State Liquor Stores

Here’s a place to visit that you can’t visit anymore, and thank goodness for it.  But there is  some kind of nostalgia involved anyway.

In many US states and Canadian provinces, sales of alcoholic beverages are restricted to the government.  That’s all right because these stores are indistinguishable from the private wine and liquor stores in other states.  You walk down aisles with shelves stocked with wines, locally made and from around the world.  Just because it’s an SAQ store (Société des Alcools du Québec) or one run by the Pennsylvania Liquor Control Board makes no difference.  Do you really care if the profits go to the government instead of a private owner?

But it wasn’t always this.  Just because Prohibition ended in the United States in 1933 and in 1920 in Canada (a wartime provision) didn’t mean that drinking alcoholic beverages was universally accepted.  In fact, in many places it was considered to be a sin.  Therefore, various jurisdictions reached the rather contradictory conclusion that if the state or province was opposed to sin it should nonetheless profit from the sinners.  But they needed to be well aware that they were sinning.  Hence, the state stores were born.
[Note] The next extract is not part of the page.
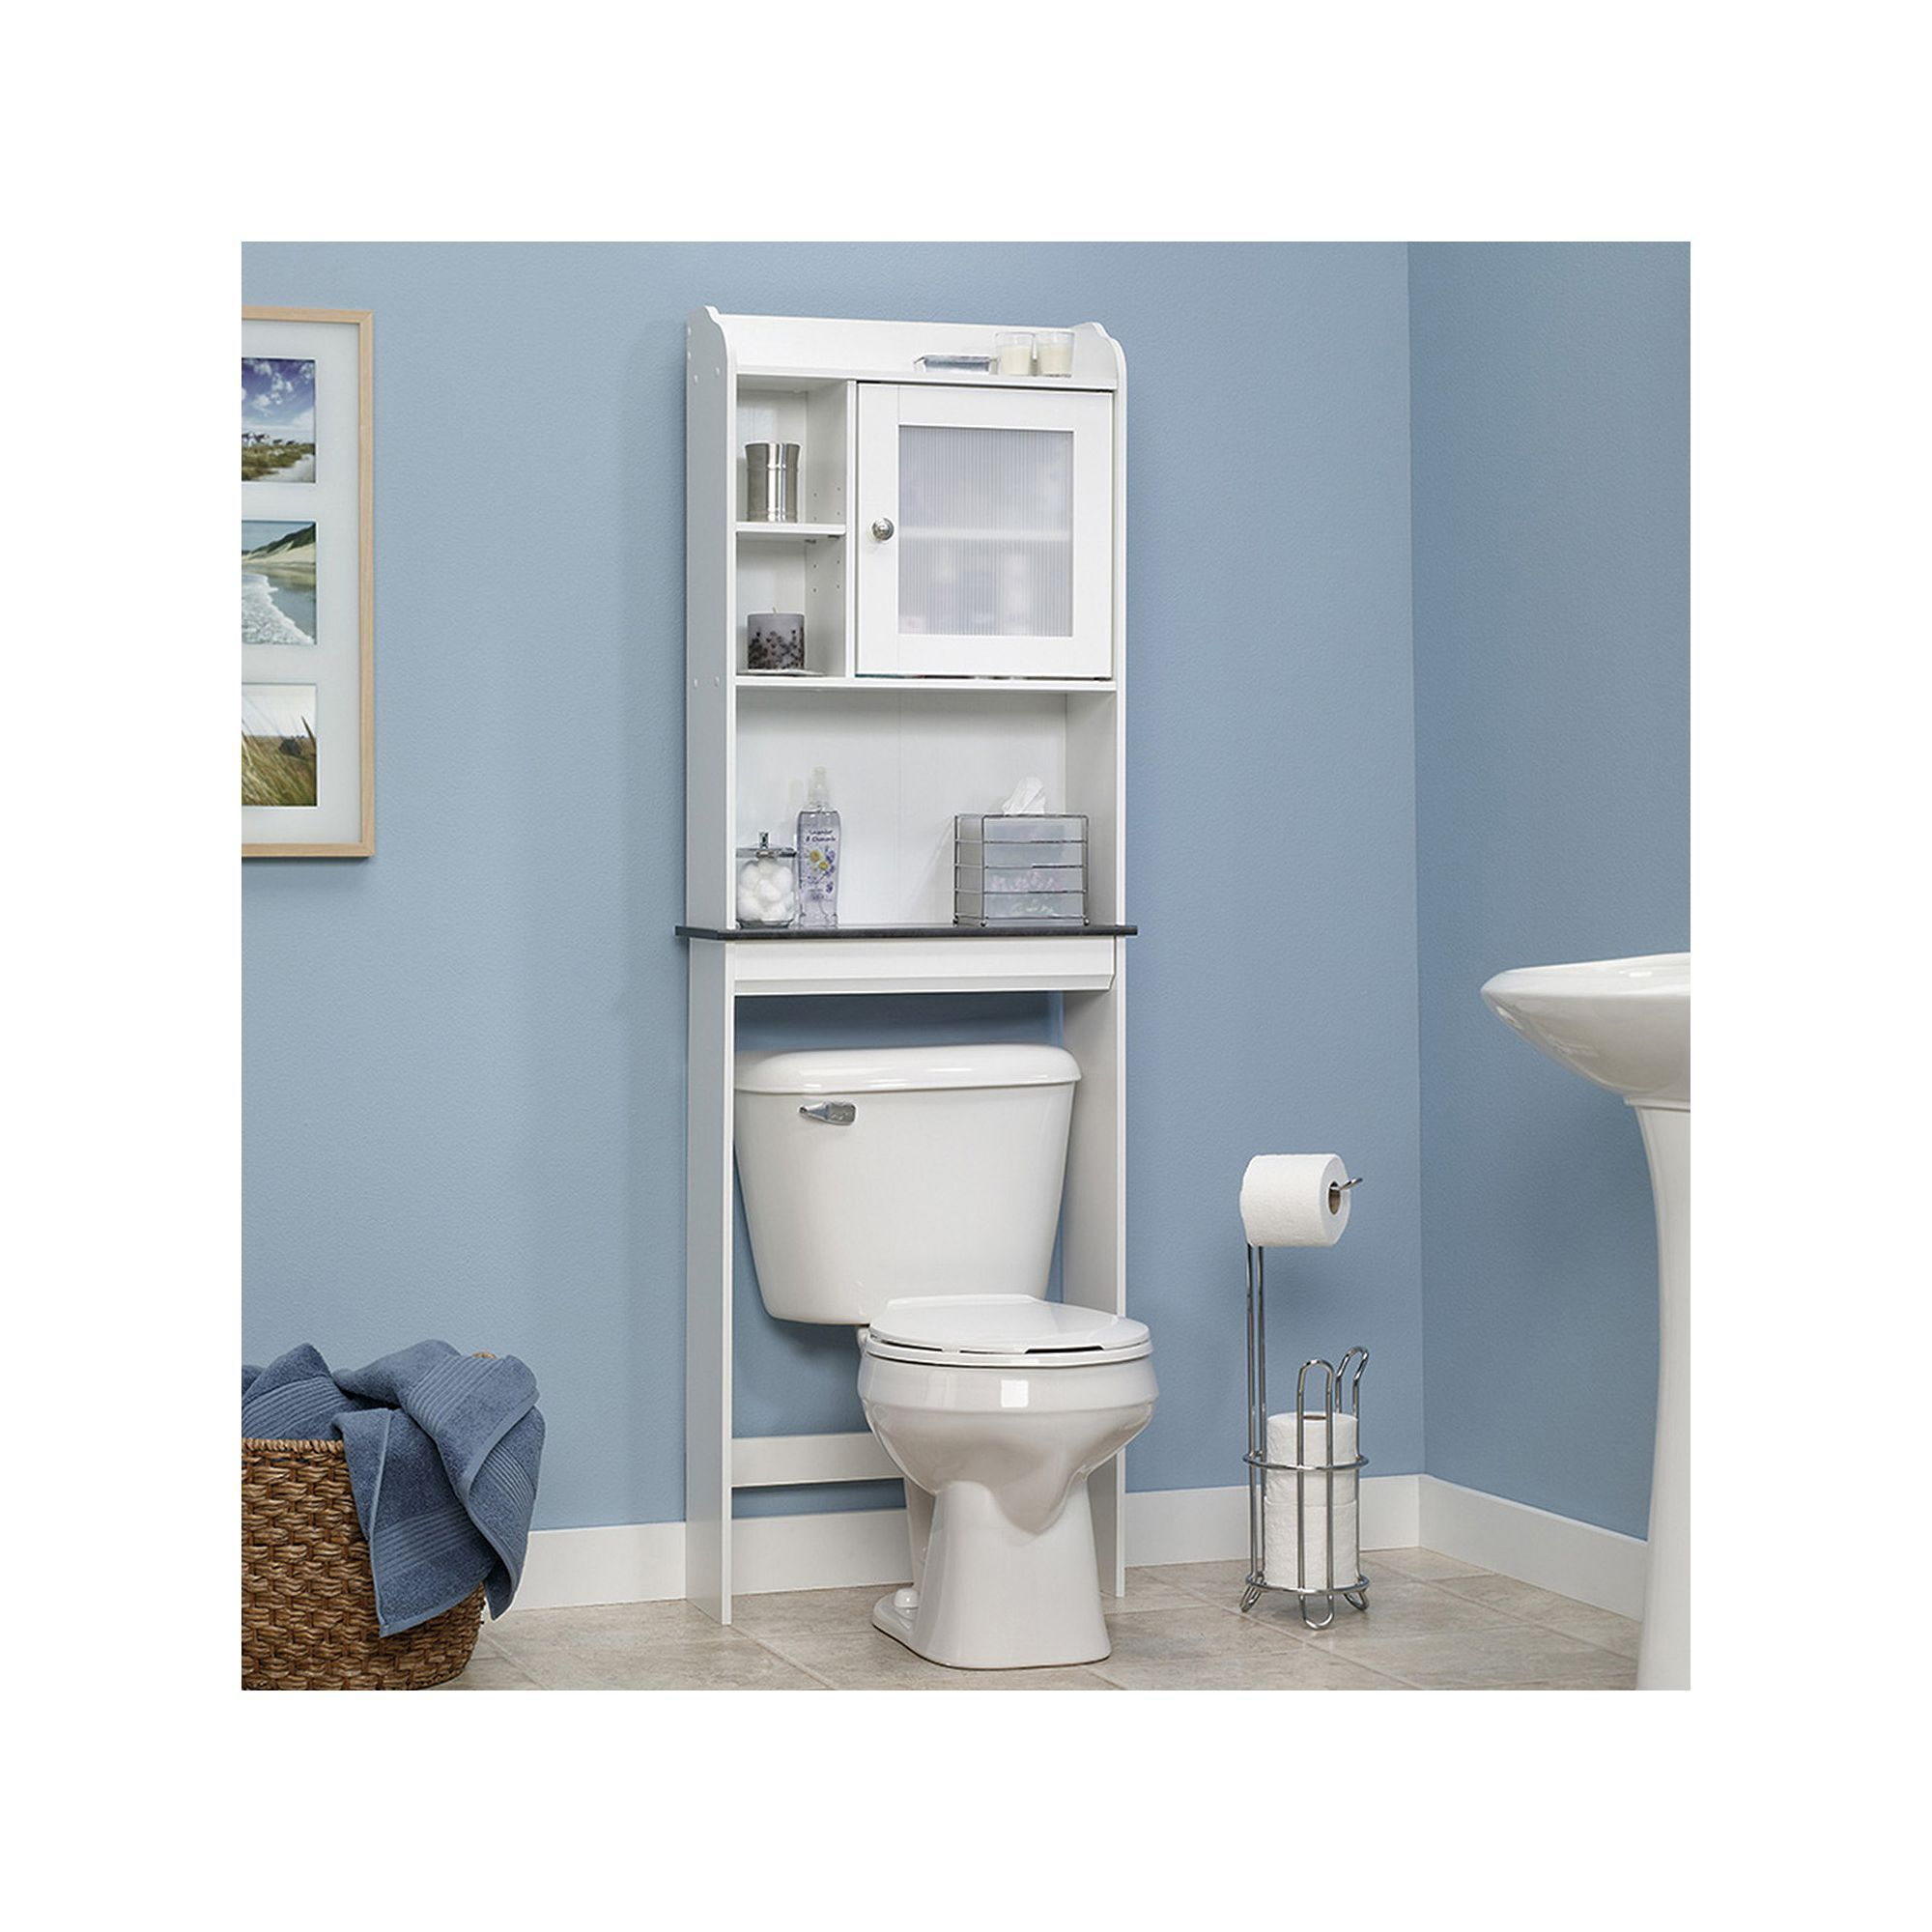 Sauder Caraway Bathroom Floor Cabinet White In 2020 Bathroom Floor Cabinets Over The Toilet Cabinet Bathroom Space Saver

Photo courtesy of virginiaplaces.org

There were no aisles to wander.  There were no gaily decorated bottles to see.  There was no one to ask for a recommendation of what to serve with dinner that night.  What there was was a counter, some civil servants and racks of bottles behind the counter, “unauthorized entry prohibited”.  There was a price list of the products for sale in a plastic folder on the counter and you asked one of the civil servants to get you a bottle of whatever you intended to buy.  These individuals were there to serve you, but it definitely wasn’t service with a smile.

It became a rite of passage for a teenage boy to enter a state store with a driver’s license clenched in his fist and ask for…what?  Something.  Anything.  Just to prove that he could do it.  Drinking from that bottle was almost an afterthought and it was surely not going to be a fine wine from the vineyards of Bordeaux (he probably couldn’t pronounce it, much less spell it).  More likely he said, in a tremulous voice, “I’ll have a bottle of Gallo Hearty Burgundy, please”. Thus were the wages of sin paid.

Note that we refer to teenage boys.  Legally speaking, girls were allowed but that just wasn’t done in those times.  In fact, it was a brave grown woman who entered a state store.  Moms looked askance if Dads even took their little children into a state store with them.  Lucie’s Dad took her and she still remembers her Mom’s comments when they got home.

The whole point was that you were supposed to feel guilty.  Guilt was the cement that bound the drinker with society, and it was guilt that washed the sin away from the state or provincial coffers.  The underlying schizophrenia of such a system had to become unsupportable over time.  Eventually, the governments came to realize that they could make more money from sin if they made it seem attractive rather than reprehensible.  And so the stores became as they were and still are in their less restrictive neighboring states.

For those of us who enjoy tasting and drinking wine responsibly, it is hard to think back on these benighted times.  But it’s good to do so from time to time, if only to put our pleasant avocation in context of our times…and those gone by.